Based on a publicly available COVID-19 CT dataset and three public non-COVID19 datasets, we evaluate four transfer learning methods using 3D U-Net as a standard encoder-decoder method. i) We introduce the multi-task learning method to get a multi-lesion pre-trained model for COVID-19 infection. ii) We propose and compare four transfer learning strategies with various performance gains and training time costs. Our proposed Hybrid-encoder Learning strategy introduces a Dedicated-encoder and an Adapted-encoder to extract COVID-19 infection features and general lung lesion features, respectively. An attention-based Selective Fusion unit is designed for dynamic feature selection and aggregation.
Experiments show that trained with limited data, proposed Hybrid-encoder strategy based on multi-lesion pre-trained model achieves a mean DSC, NSD, Sensitivity, F1-score, Accuracy and MCC of 0.704, 0.735, 0.682, 0.707, 0.994 and 0.716, respectively, with better genetalization and lower over-fitting risks for segmenting COVID-19 infection.

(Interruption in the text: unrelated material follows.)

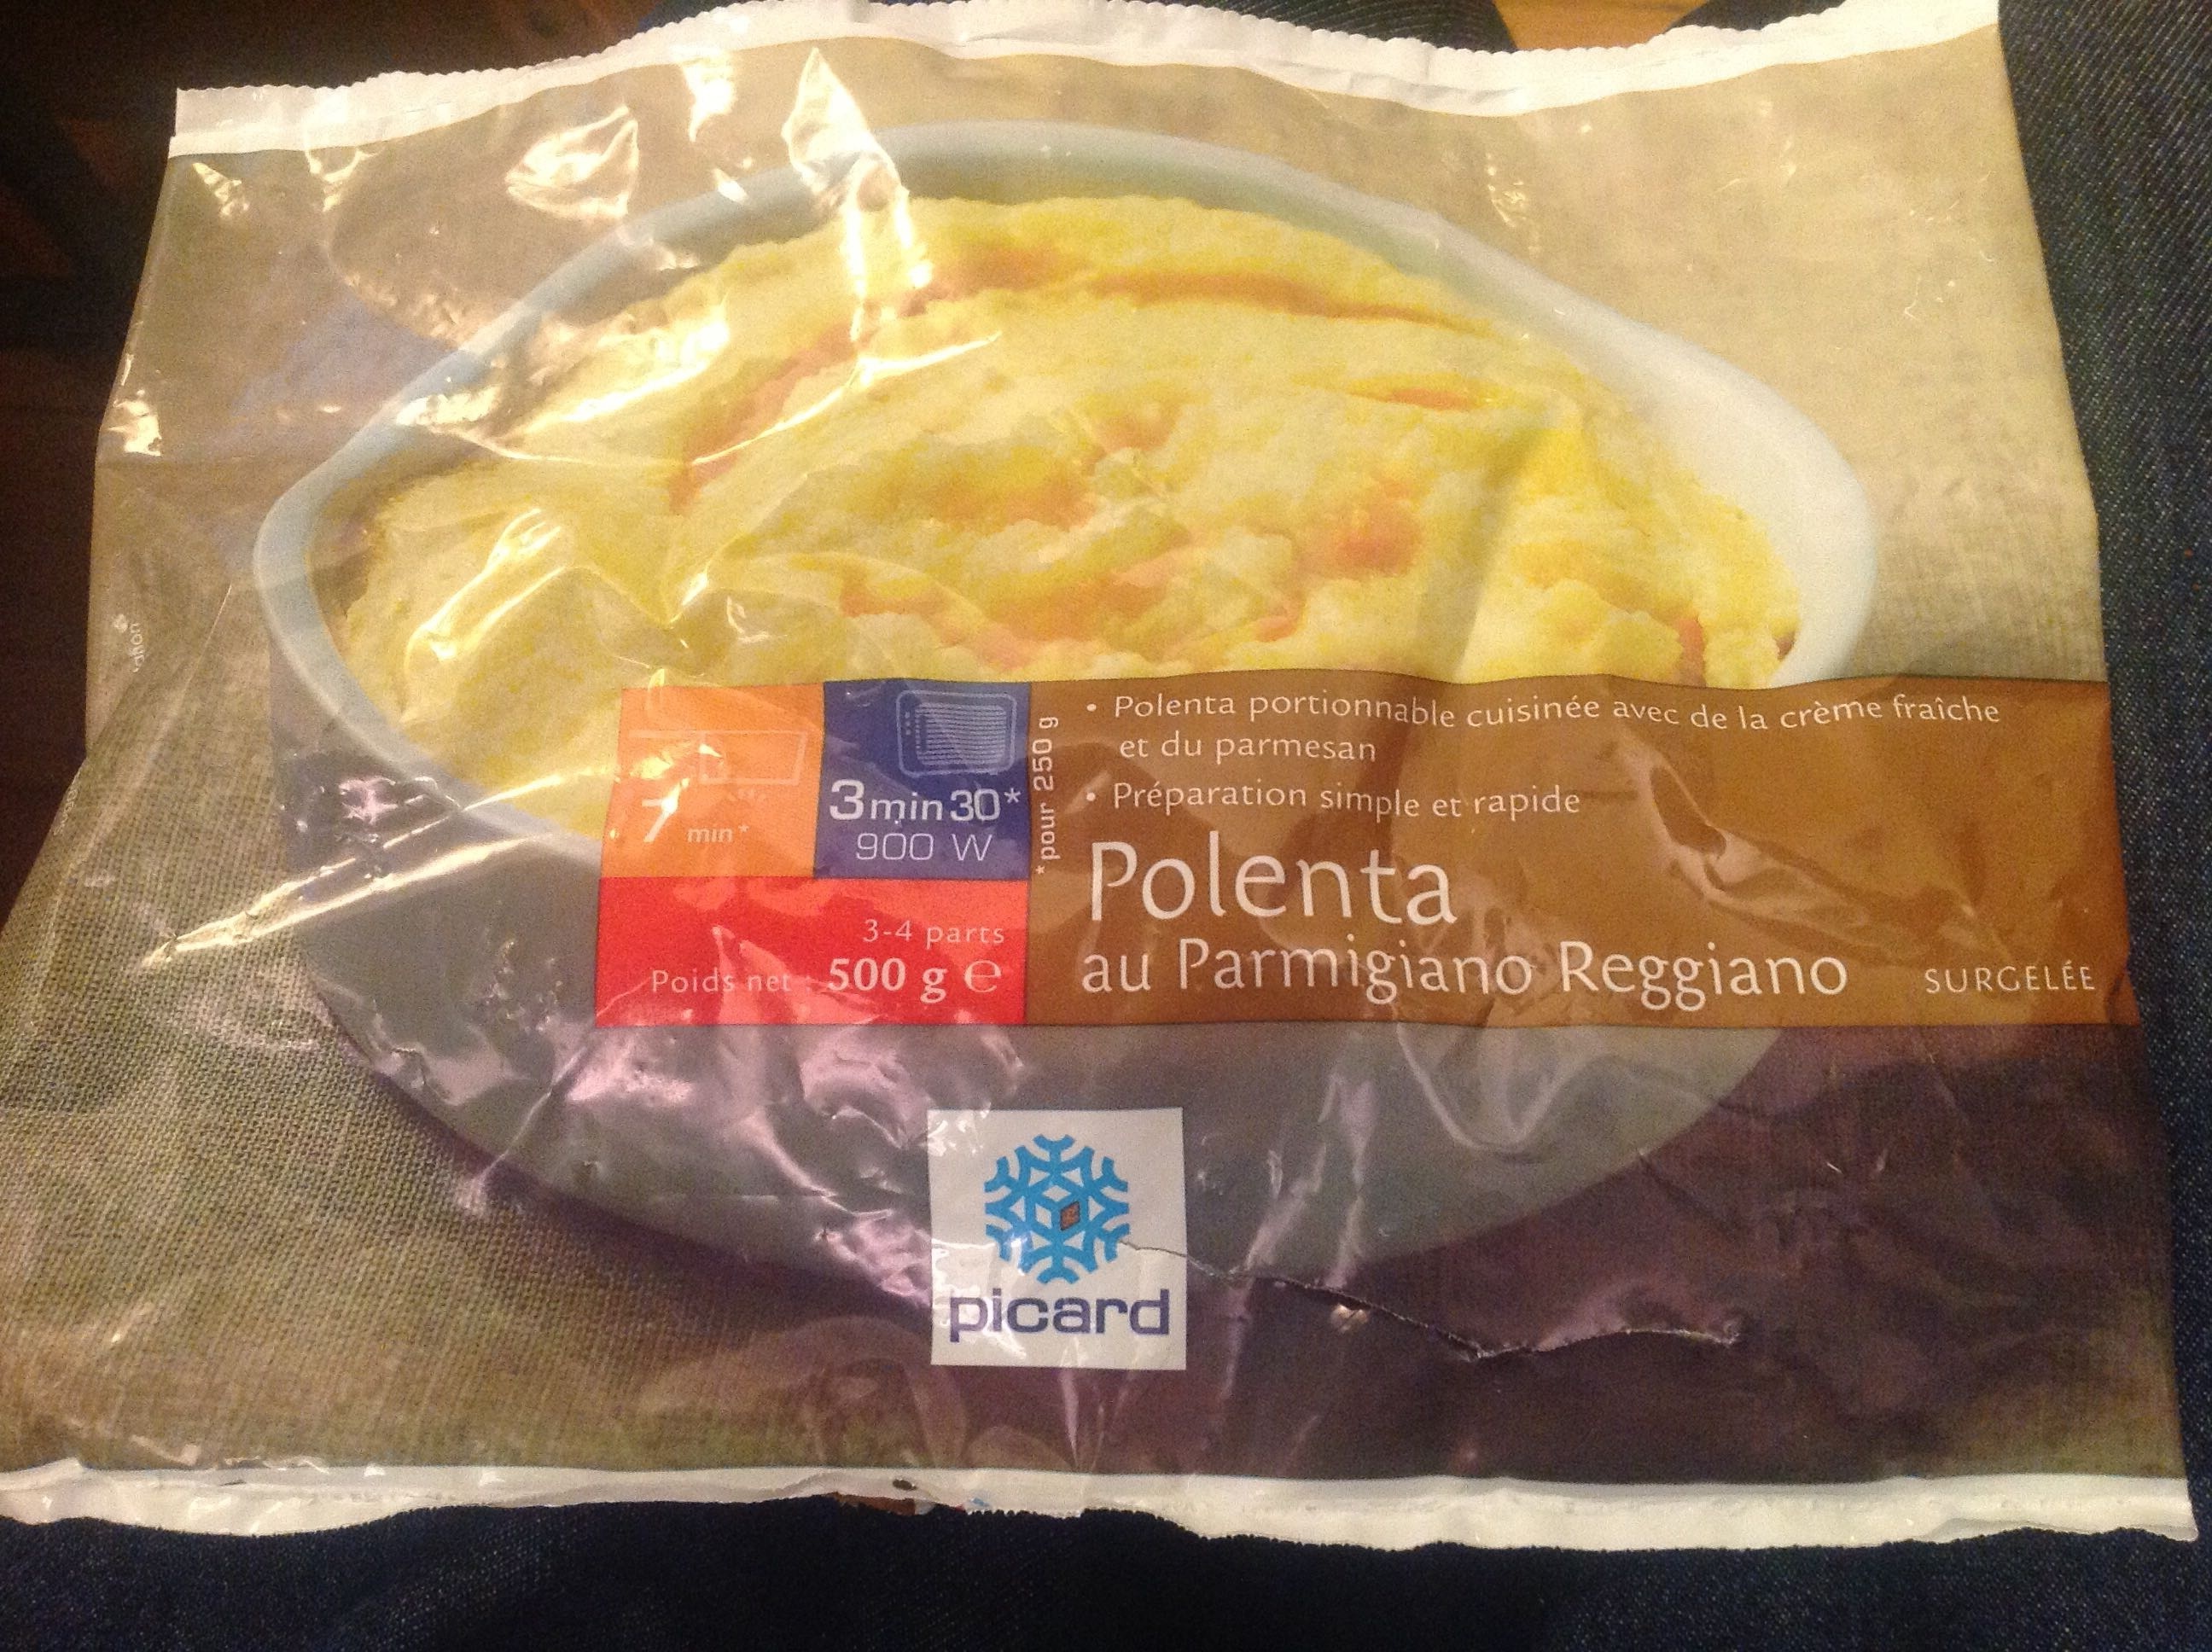 Polenta au Parmigiano Reggiano surgelée - Product - fr

The results reveal the benefits of transferring knowledge from non-COVID19 lung lesions, and learning from multiple lung lesion datasets can extract more general features, leading to accurate and robust pre-trained models. We further show the capability of the encoder to learn feature representations of lung lesions, which improves segmentation accuracy and facilitates training convergence. In addition, our proposed Hybrid-encoder learning method incorporates transferred lung lesion features from non-COVID19 datasets effectively and achieves significant improvement. These findings promote new insights into transfer learning for COVID-19 CT image segmentation, which can also be further generalized to other medical tasks.

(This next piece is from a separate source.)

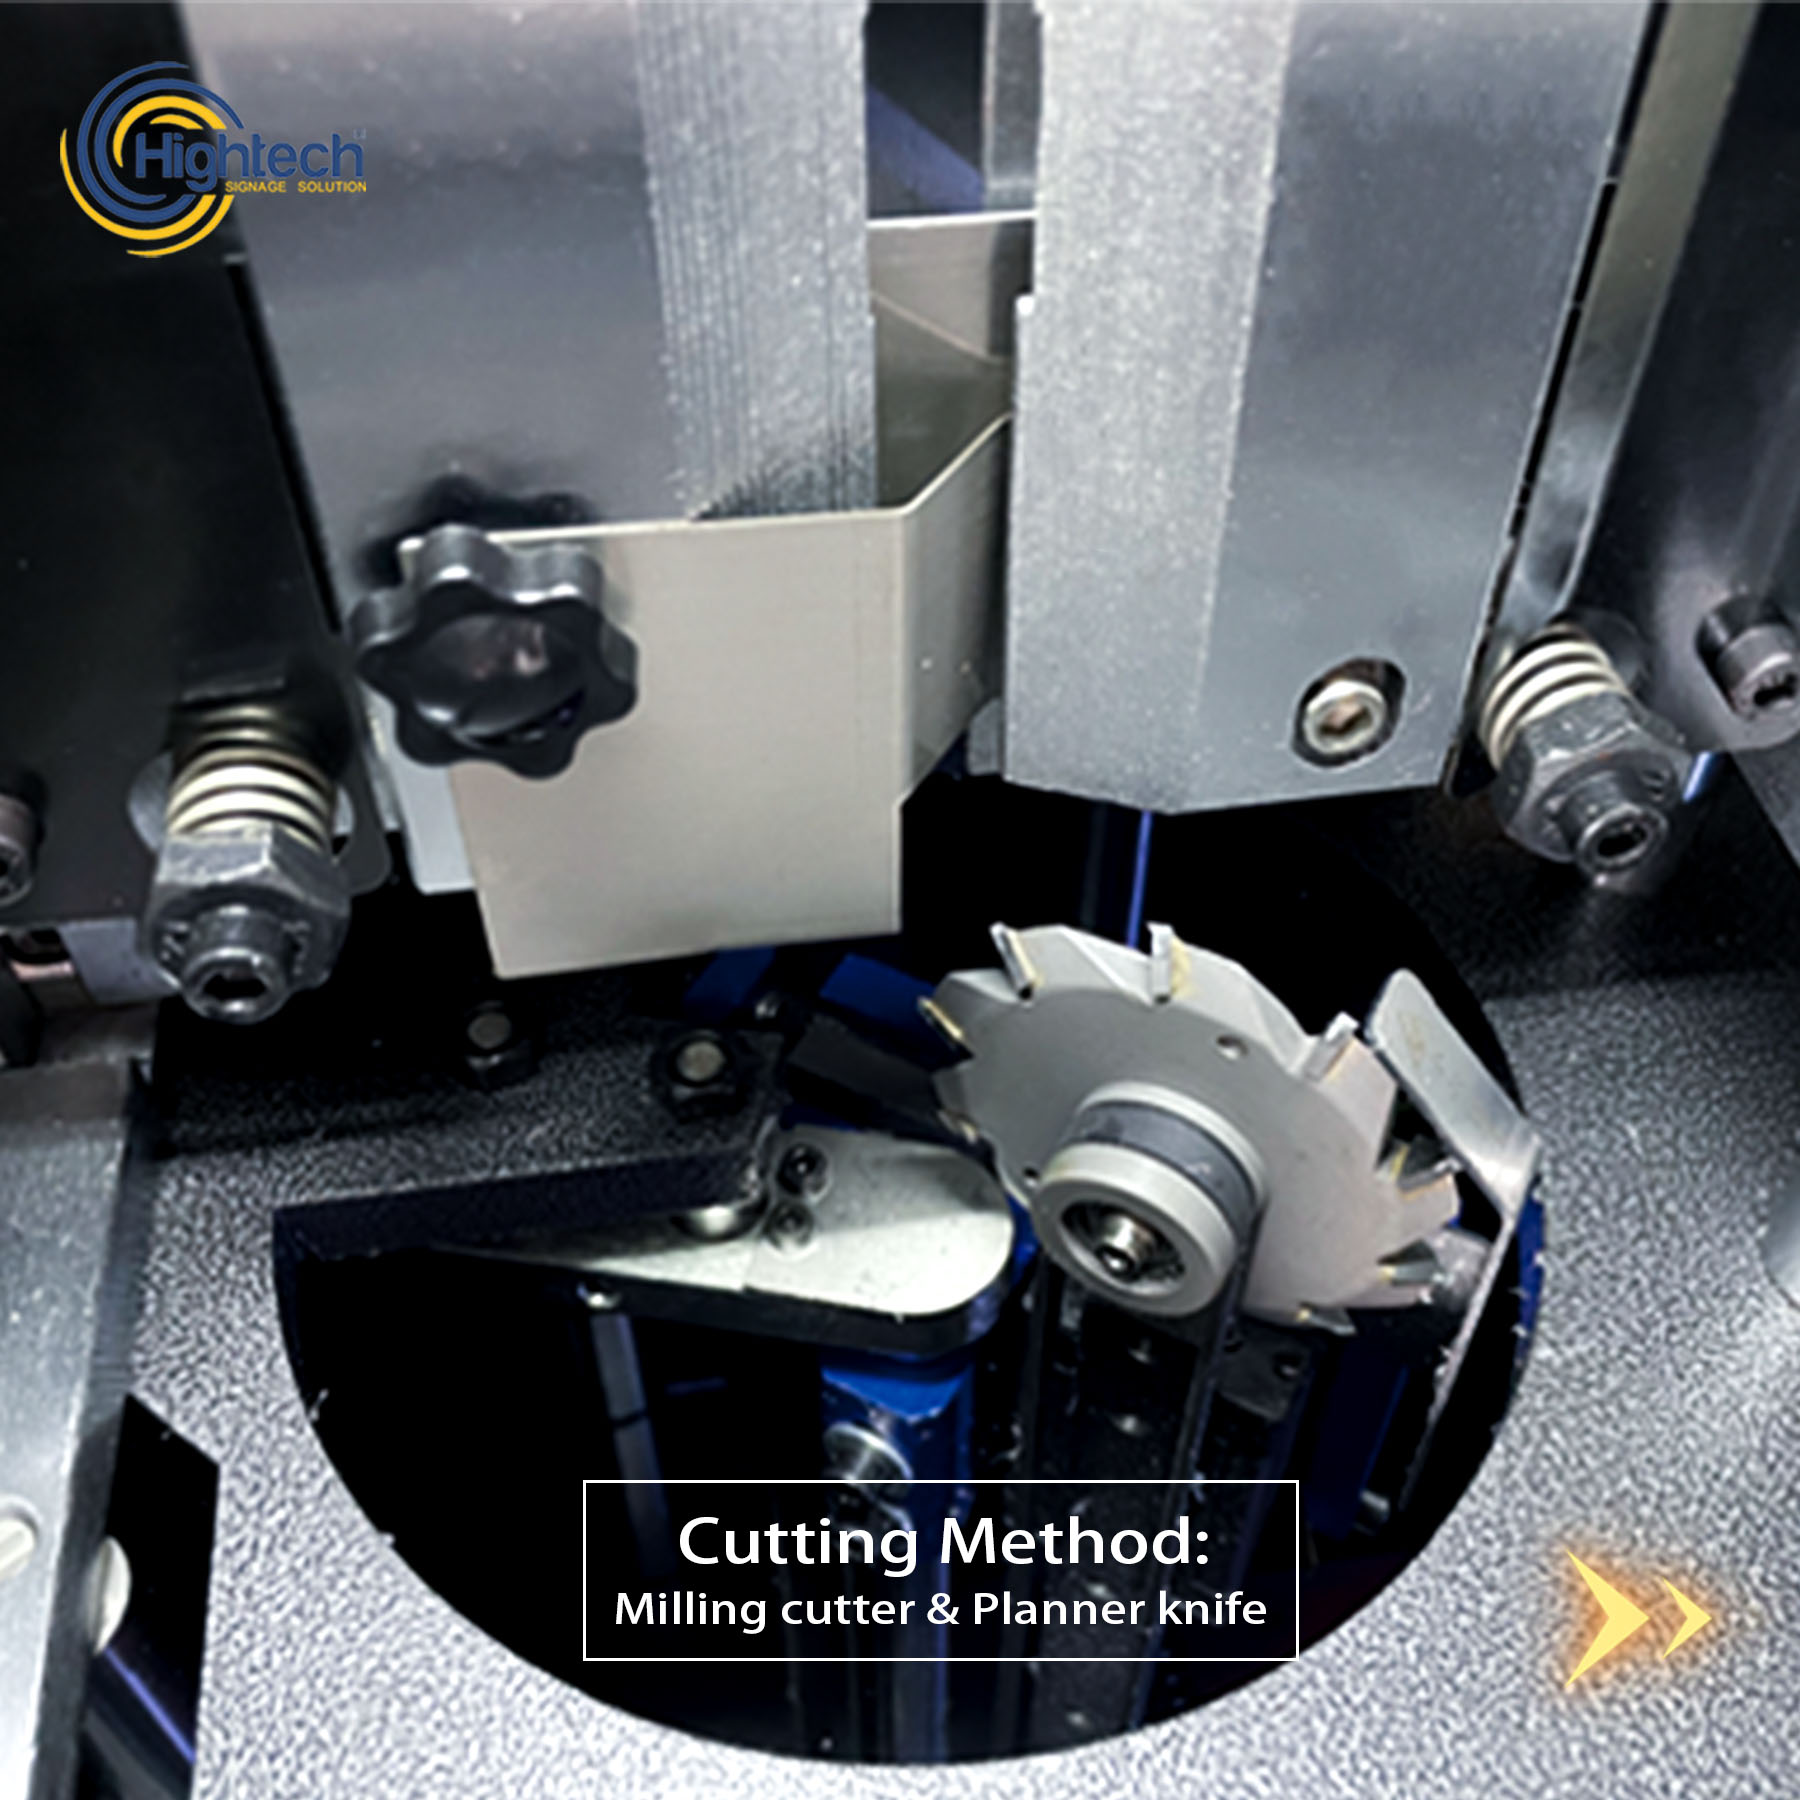 Do hightech laser welding machine from China manufacturer generate radiation during work

新型冠状病毒病 2019(COVID-19)是一种高度传染性病毒,正在全球范围内传播。深度学习已被采用为一种有效的技术,以辅助从计算机断层扫描(CT)图像中检测和分割 COVID-19。主要的挑战在于公共 COVID-19 数据集不足。最近,迁移学习已成为一种广泛使用的技术,利用在解决一个问题时获得的知识,并将其应用于不同但相关的问题。然而,尚不清楚各种非 COVID-19 肺部病变是否有助于分割 COVID-19 感染区域,以及如何更好地进行这种迁移过程。本文提供了一种理解非 COVID-19 肺部病变的可转移性的方法,以及一种更好的策略,用于训练用于 COVID-19 感染分割的强大深度学习模型。
基于一个公开的 COVID-19 CT 数据集和三个公开的非 COVID-19 数据集,我们使用 3D U-Net 作为标准编码器-解码器方法评估了四种迁移学习方法。i)我们引入多任务学习方法,为 COVID-19 感染获得多病变预训练模型。ii)我们提出并比较了四种具有不同性能增益和训练时间成本的迁移学习策略。我们提出的混合编码器学习策略引入了一个专用编码器和一个自适应编码器,分别提取 COVID-19 感染特征和一般肺部病变特征。设计了一个基于注意力的选择性融合单元,用于动态特征选择和聚合。
实验表明,在使用有限数据进行训练时,基于多病变预训练模型的提出的混合编码器策略在分割 COVID-19 感染方面实现了平均 DSC、NSD、灵敏度、F1 分数、准确性和 MCC 的 0.704、0.735、0.682、0.707、0.994 和 0.716,具有更好的泛化能力和更低的过拟合风险。
结果表明,从非 COVID-19 肺部病变转移知识和从多个肺部病变数据集学习可以提取更一般的特征,从而导致准确和强大的预训练模型。我们进一步展示了编码器学习肺部病变特征表示的能力,这提高了分割精度并促进了训练收敛。此外,我们提出的混合编码器学习方法有效地整合了来自非 COVID-19 数据集的转移肺部病变特征,并取得了显著的改进。这些发现为 COVID-19 CT 图像分割的迁移学习提供了新的见解,这也可以进一步推广到其他医学任务。